> [Brief]: The lines to repeat are those below from the one containing "Star Wars Return" down to the one containing "Oven Gloves Silicone", both included; reproduce them exactly and nothing else.

> [Data provided]:
════════════════

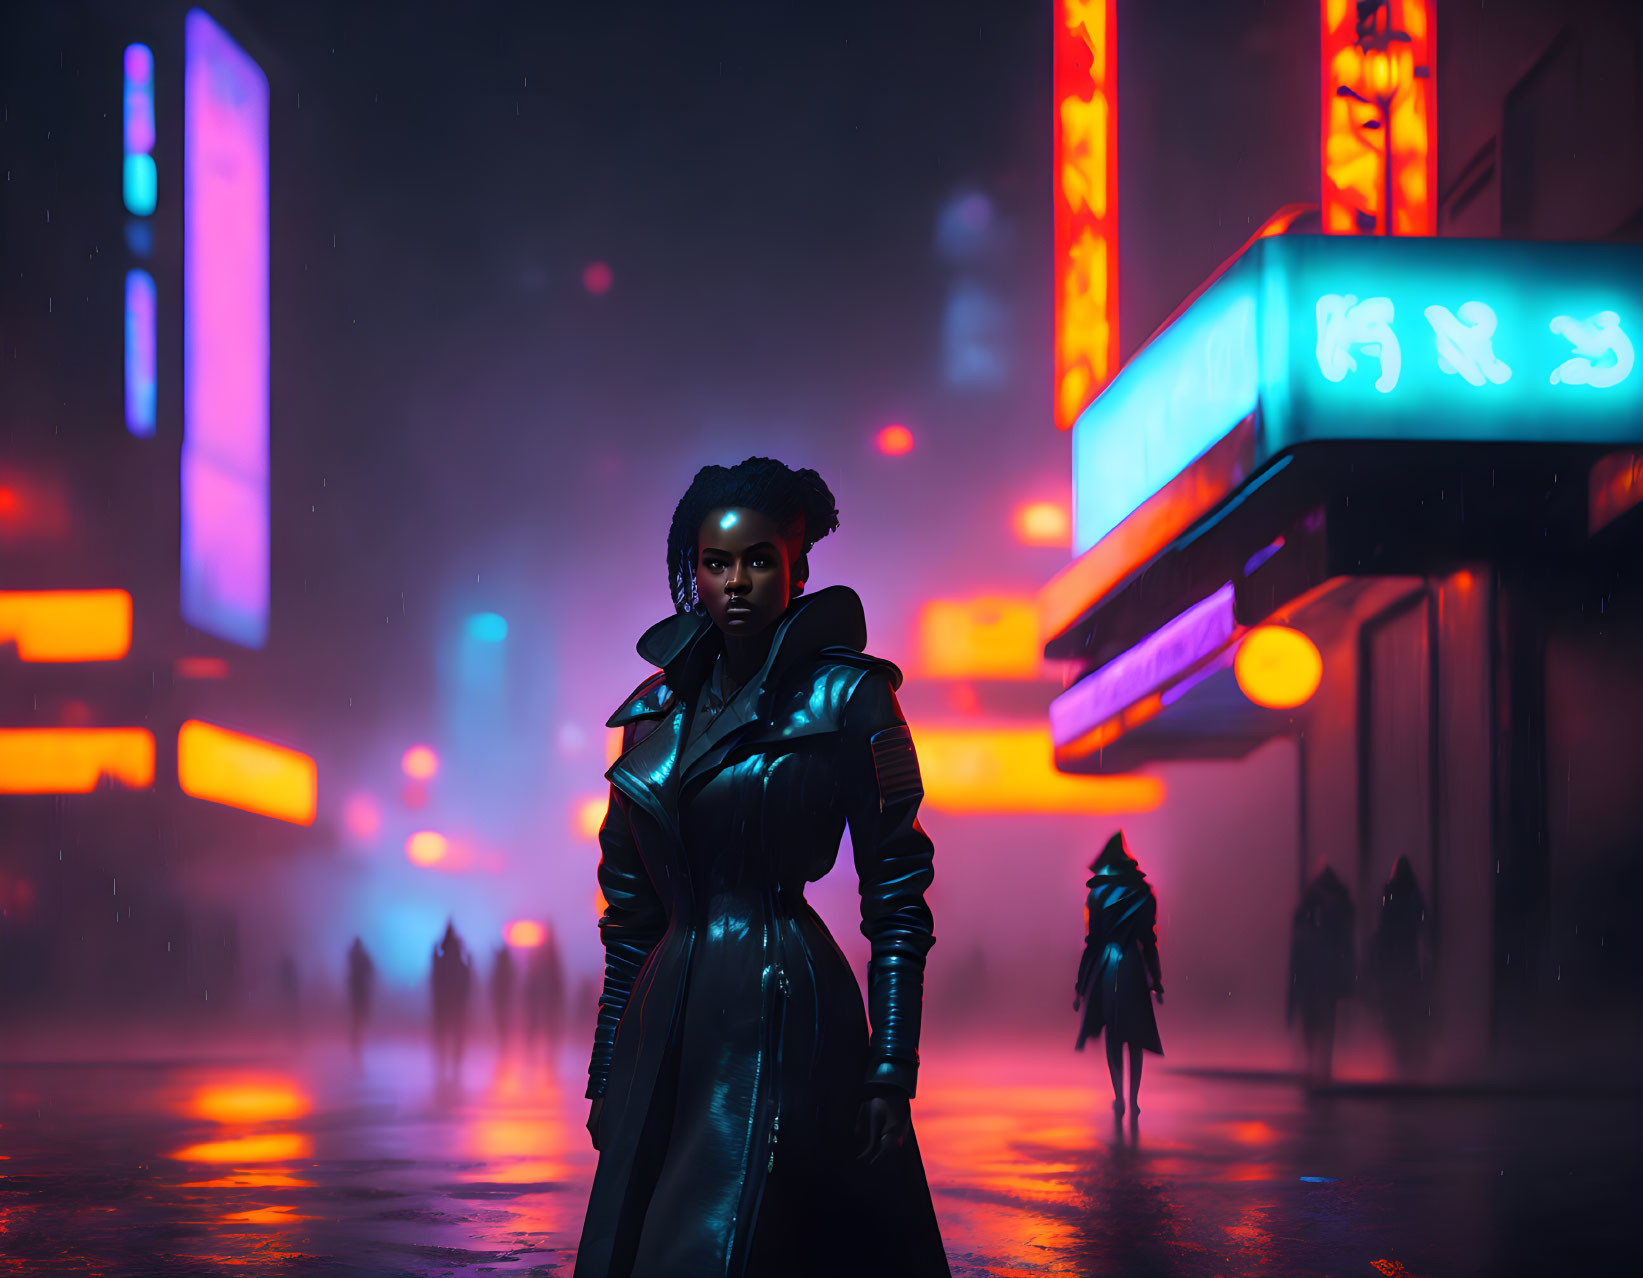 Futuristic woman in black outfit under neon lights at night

════════════════

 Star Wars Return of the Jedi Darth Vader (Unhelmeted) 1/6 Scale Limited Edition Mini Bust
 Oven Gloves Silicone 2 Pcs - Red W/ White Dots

════════════════

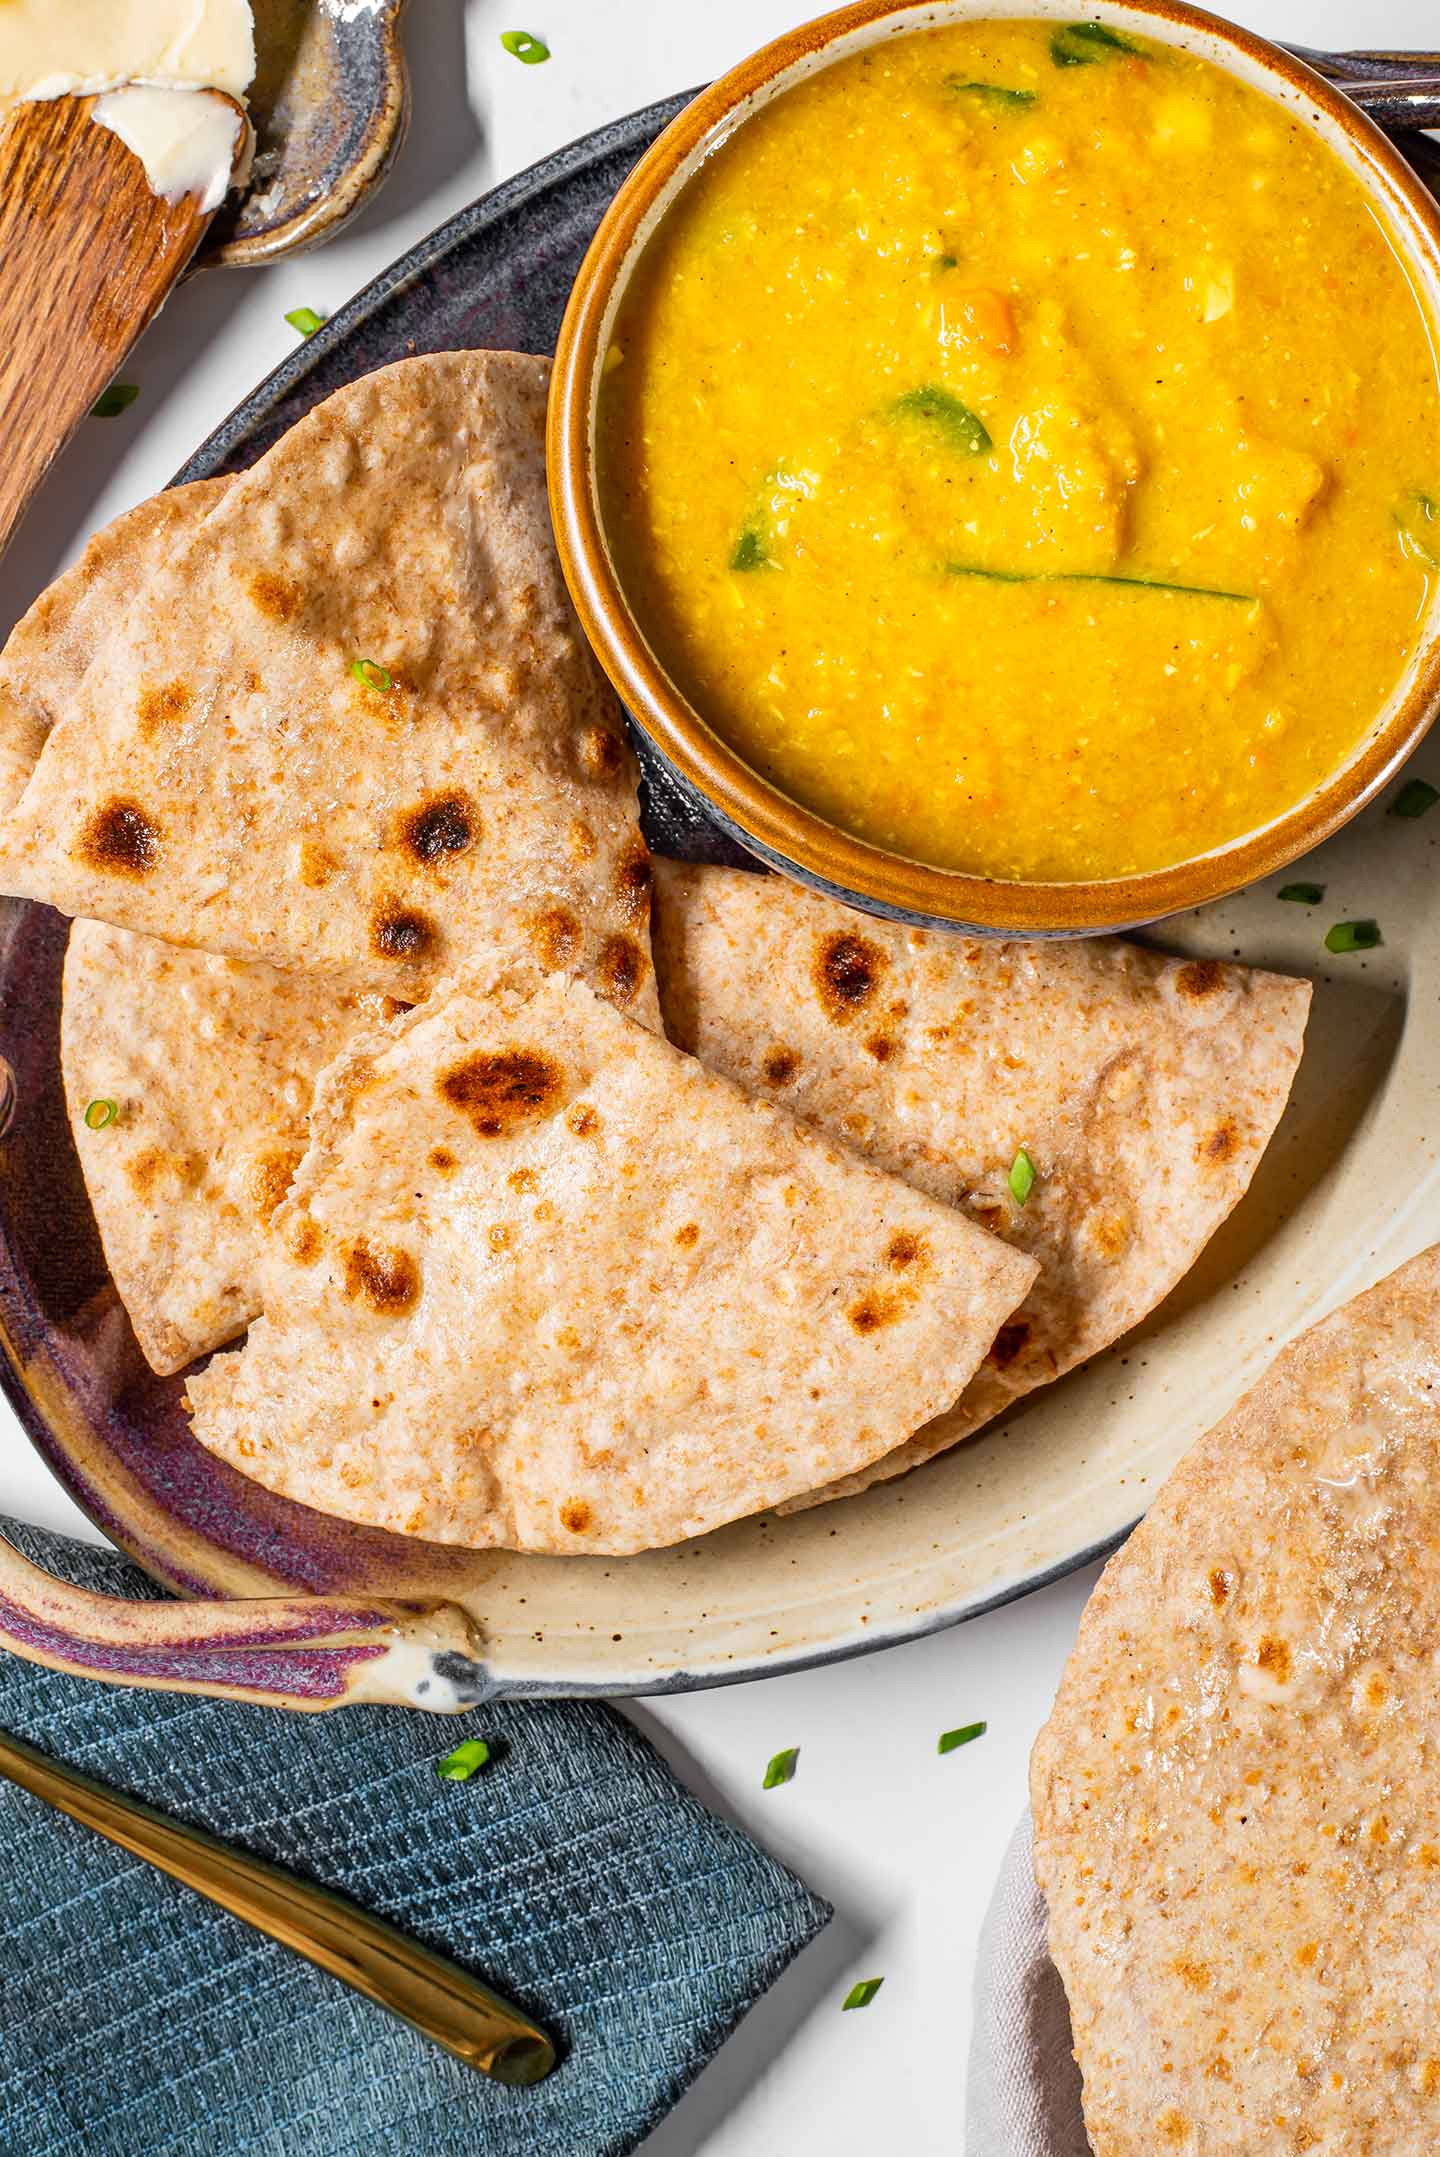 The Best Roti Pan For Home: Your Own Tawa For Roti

════════════════

> [Exercise answer]:
 Star Wars Return of the Jedi Darth Vader (Unhelmeted) 1/6 Scale Limited Edition Mini Bust
 Oven Gloves Silicone 2 Pcs - Red W/ White Dots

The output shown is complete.